Ma gli aut aut troppo assoluti non corrispondono mai alla
realtà; né Mazzini tendeva infatti a un rapido
spodestamento della borghesia né si può dire col
Bakunin che, in difetto di questo, le classi lavoratrici non
avrebbero potuto risentir dal cooperativismo alcun vantaggio degno di
nota, degno dunque d'esser conquistato. Superfluo notare, poi, che
Mazzini legava la vagheggiata riforma economica a tutto un ampio
sistema di riforma politica, morale e sociale nel quale essa avrebbe
trovato un naturale ambiente di sviluppo e senza del quale,
effettivamente, poteva apparire nient'altro che sterile utopia.
Eppure tutta l'efficacia di questo
pamphlet sta in ciò che Bakunin ha sul suo avversario
la facile superiorità dell'estremista sul riformista; da un
punto di vista puramente logico l'estremista ha per sé tutta
la suggestione che innegabilmente esercitano sugli spiriti le
soluzioni radicali, desunte linearmente da poche e chiare premesse
teoriche. Facile è per l'estremista cogliere in flagrante
delitto d'incoerenza il riformista; il quale, a differenza del primo,
deve e vuole accordare il suo pensiero alla realtà viva che si
svolge e perciò rinunciare a quella assoluta coerenza formale,
che possono mantenere il teorico puro o quel pensatore che al suo
sistema assegni, in pratica, il valore di un mito, atto a tener desta
la fede di quanti nella vita son costretti a seguire, rischiando di
perdervisi, le tortuose vie dell'interesse immediato.
Liberatosi alla lesta del programma
mazziniano e accertata la necessità di un profondo mutamento
nell'ordine sociale, Bakunin afferma che non si può ormai
fidare che nell'attuazione del programma collettivista-federalista,
di quel programma cioè che, mirando ad abolire piuttosto che a
modificare lo Stato e a lasciare che il popolo si ordini liberamente
dal basso all'alto, può definirsi anarchico. Esso rappresenta
una delle molte tendenze, che hanno diritto di cittadinanza
nell'Internazionale e si realizzerà appunto – almeno
cosí Bakunin spera – attraverso il trionfo
dell'Internazionale: giusto è dunque occuparsi delle
filippiche che Mazzini ha nuovamente scagliato contro
quell'associazione. Egli, fra l'altro, la accusa di negare la patria.

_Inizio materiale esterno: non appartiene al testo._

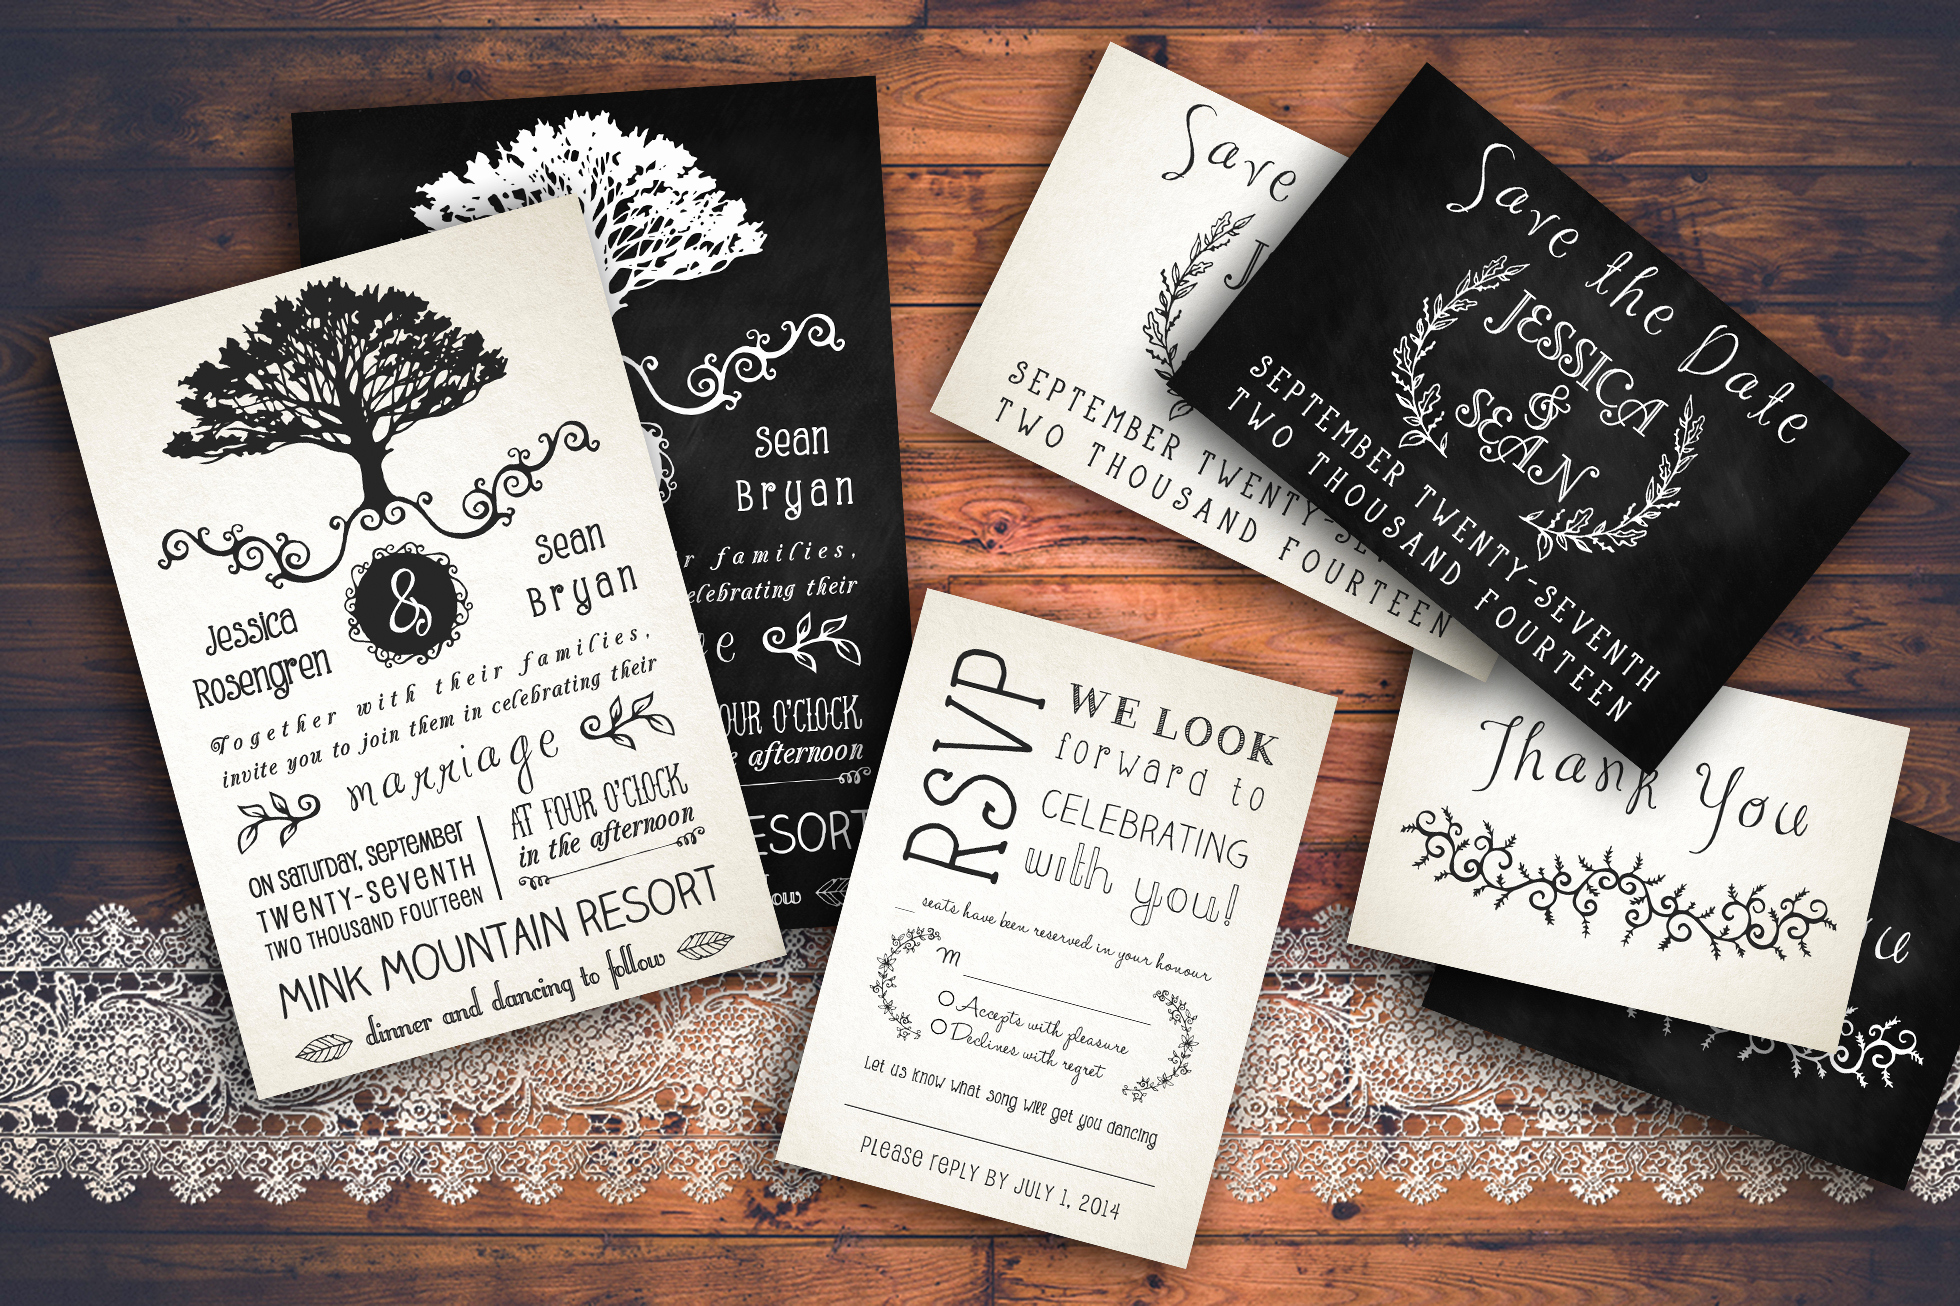 Rustic Wedding Invites Templates Awesome Rustic Wedding Invitation Pack Invitation Templates On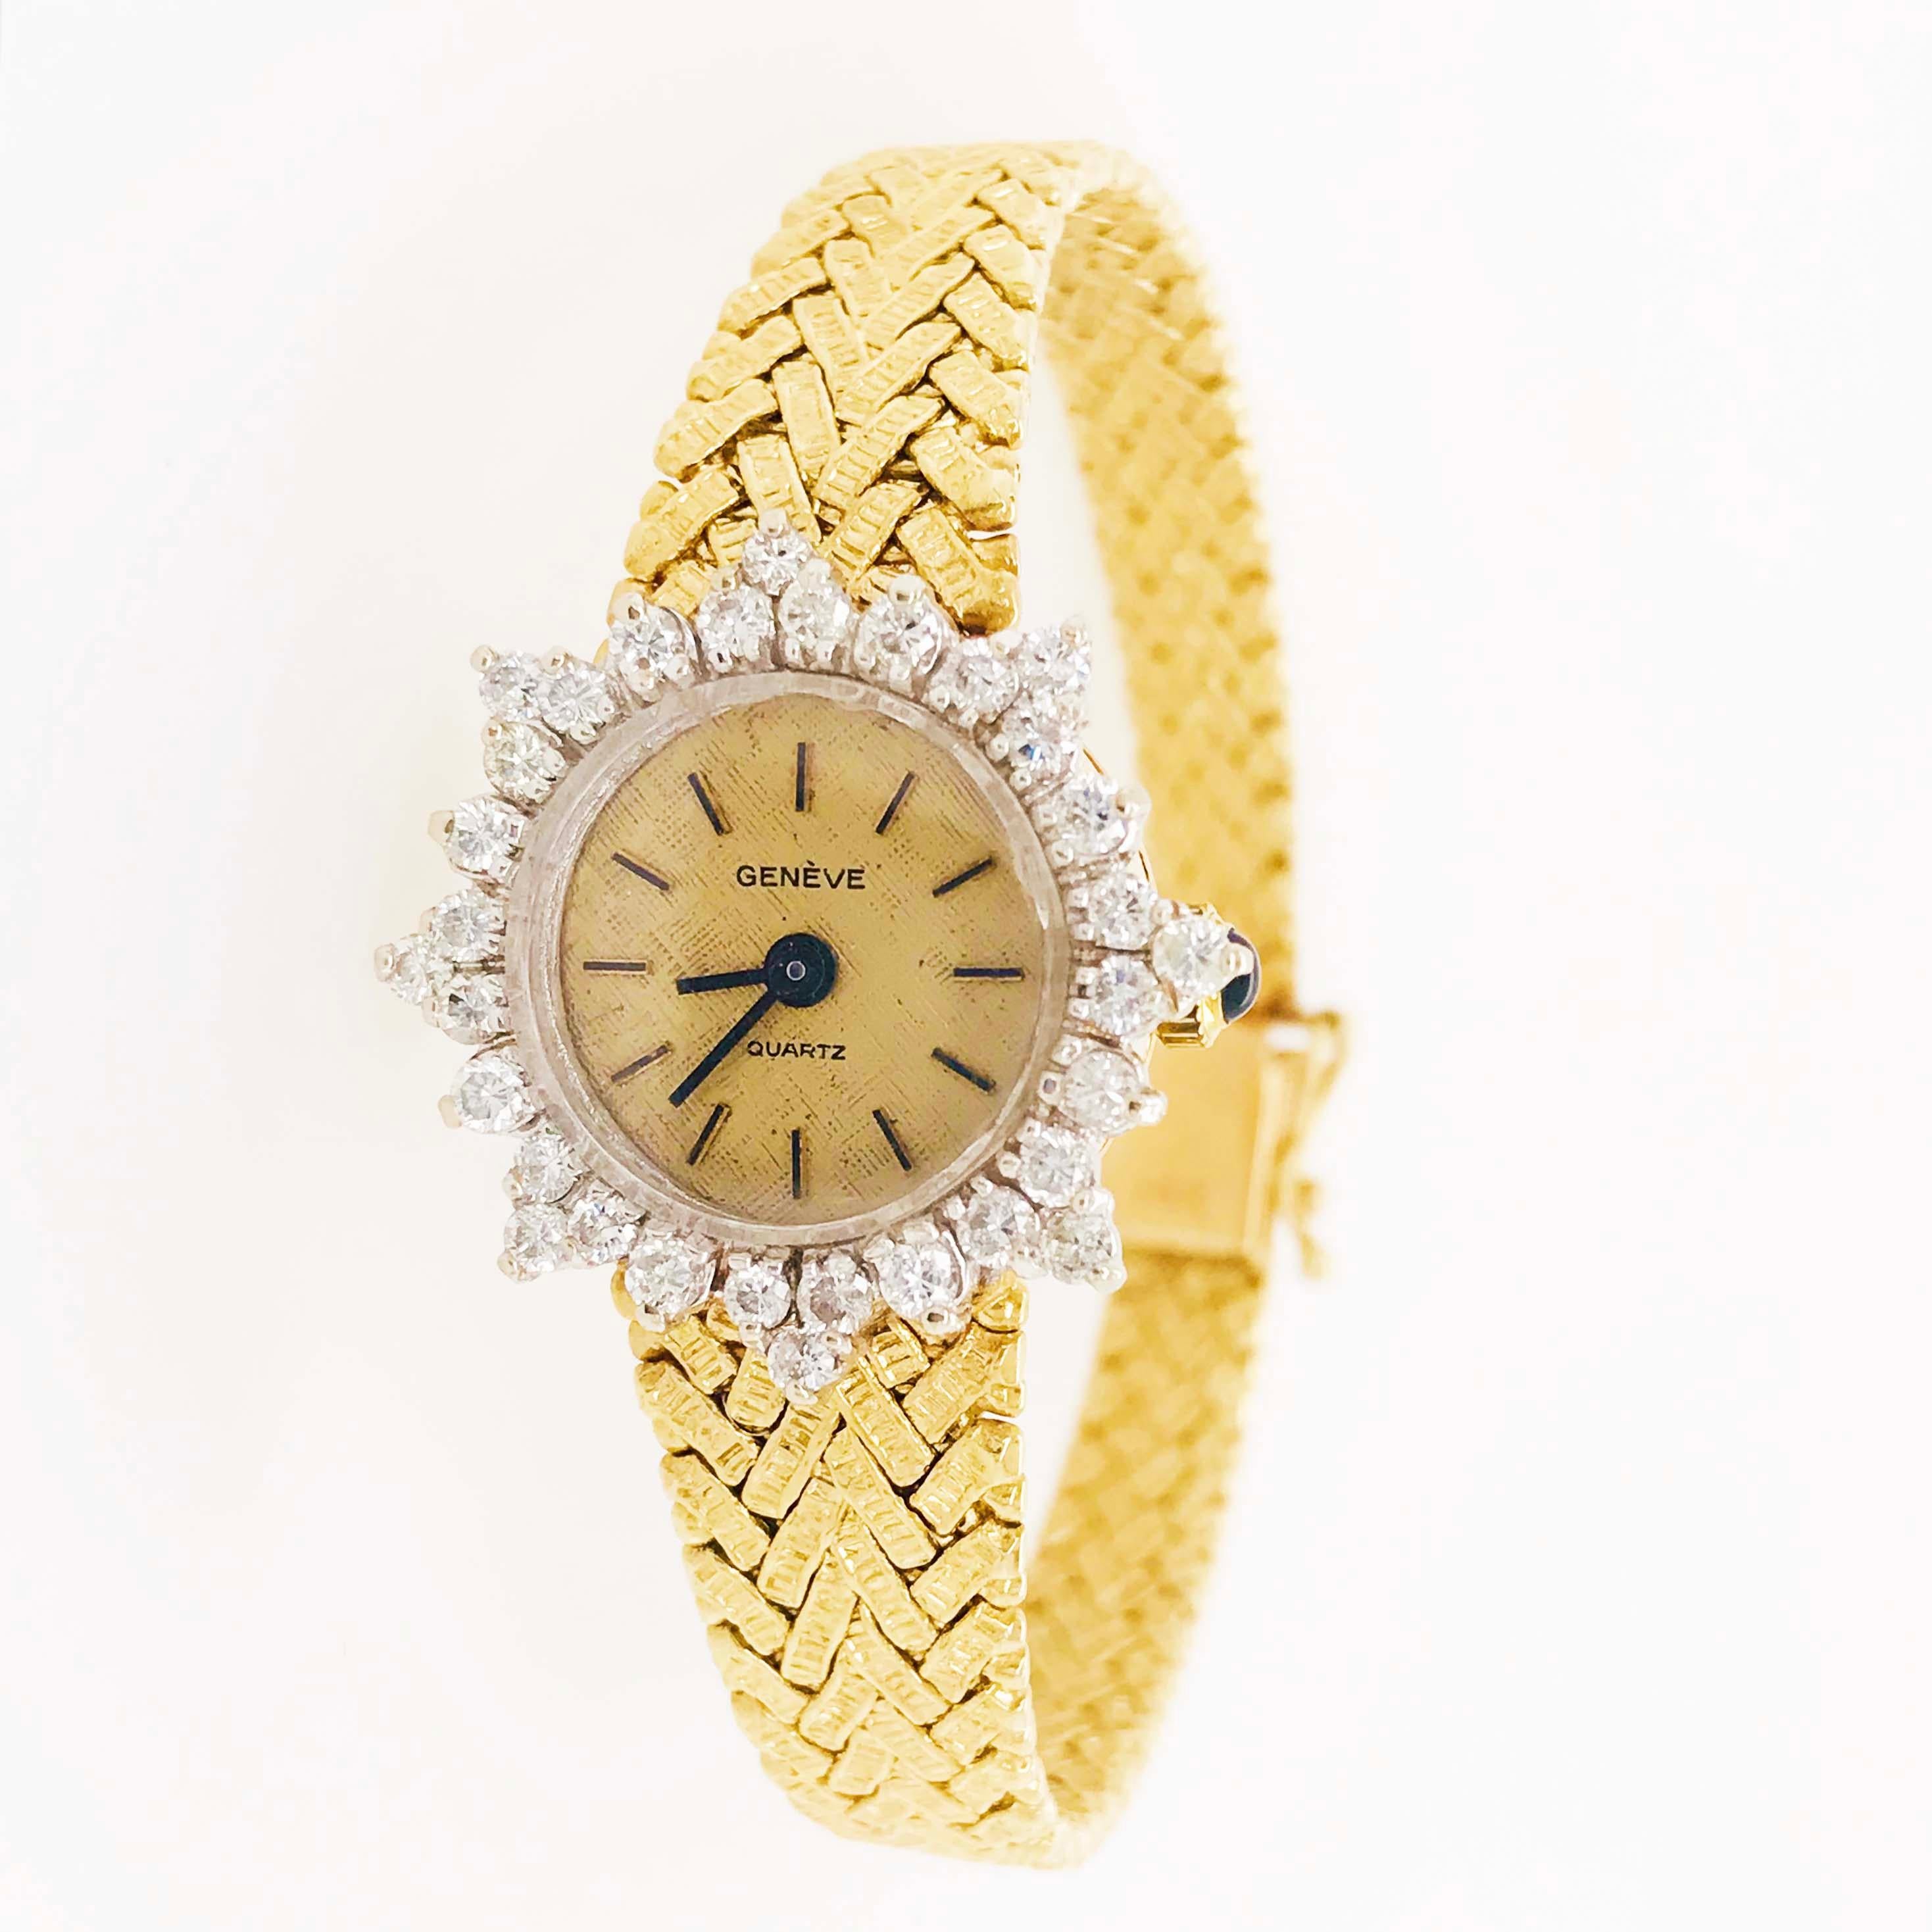 The Lady's dress watch is classy and sophisticated! The Geneve quartz diamond watch is a dress style watch with a diamond bezel and textured band. The Lady's Geneve watch is quartz movements with a classic champagne colored dial. The diamond bezel

Che si intende per patria, per nazione? Mazzini intende quel nucleo
che ci è stato dato da Dio perché tra fratelli affini a
noi per lingua, fede, tradizioni, aspirazioni, interessi si trovi un
valido aiuto nel compimento della propria missione. Ma in qual paese
mai si riscontra questa identità di aspirazioni, tradizioni,
ecc.? In Italia, dice Bakunin, si posson distinguere almeno cinque
nazioni diverse, se tale è la definizione di nazione; e cioè:
1) il clero; 2) la nobiltà e l'alta borghesia; 3) la media e
la piccola borghesia; 4) il ceto operaio; 5) il ceto contadino;
cinque nazioni in quanto sono caratterizzate e distinte da condizioni
di vita, tradizioni, aspirazioni e interessi nettamente diversi.
La nazione come la intende Mazzini è
in realtà il simbolo della non libertà, della unione
forzata, della sottomissione delle classi piú numerose agli
interessi di quelle privilegiate. Bakunin è perciò ben
lieto di dichiararsi antinazionale; per lui la parola patria sta a
indicare il sacro diritto di ogni uomo e di ogni gruppo, grande o
piccolo, d'uomini di vivere, pensare e operare a modo loro. Nello
stesso modo che egli impugna l'utilità e la ragionevolezza del
matrimonio, fra le istituzioni civili, e vorrebbe sostituirgli la
libera unione, fondata sul reciproco rispetto e la reciproca libertà
(soprattutto libertà di separazione), ossia su una maggior
lealtà; cosí nega lo Stato come forza accentratrice e
l'idea-Nazione che ne è la base e la giustificazione; e vuol
ridare lealtà e maggior consapevolezza di sé agli
uomini tutti, ponendoli di fronte alla possibilità di unirsi
liberamente, in collettività sempre piú vaste, federate
fra loro in un ideale di eguaglianza e di pace.
La gioventú italiana deve
liberarsi dal funesto influsso mazziniano. Già si sono
costituiti nuclei di giovani atei e materialisti i quali, tuttavia,
credono di poter seguire Mazzini sul terreno dell'azione, pur
rinnegando le sue basi teoriche e soprattutto rigettando il suo
pensiero religioso; no, essi devono comprendere che per Mazzini la
politica non è «che la traduzione del pensiero religioso
nel campo dei fatti» (p. 23); non si può quindi che
accettare o rifiutare in blocco il suo sistema. Ben naturale, e
nessuno piú di Bakunin la comprende e la apprezza, è la
devozione a oltranza che questi giovani nutrono per Mazzini, cioè
per chi ha il merito immenso di «aver tenuto vivo nella
gioventú italiana il fuoco sacro per quarant'anni» (p.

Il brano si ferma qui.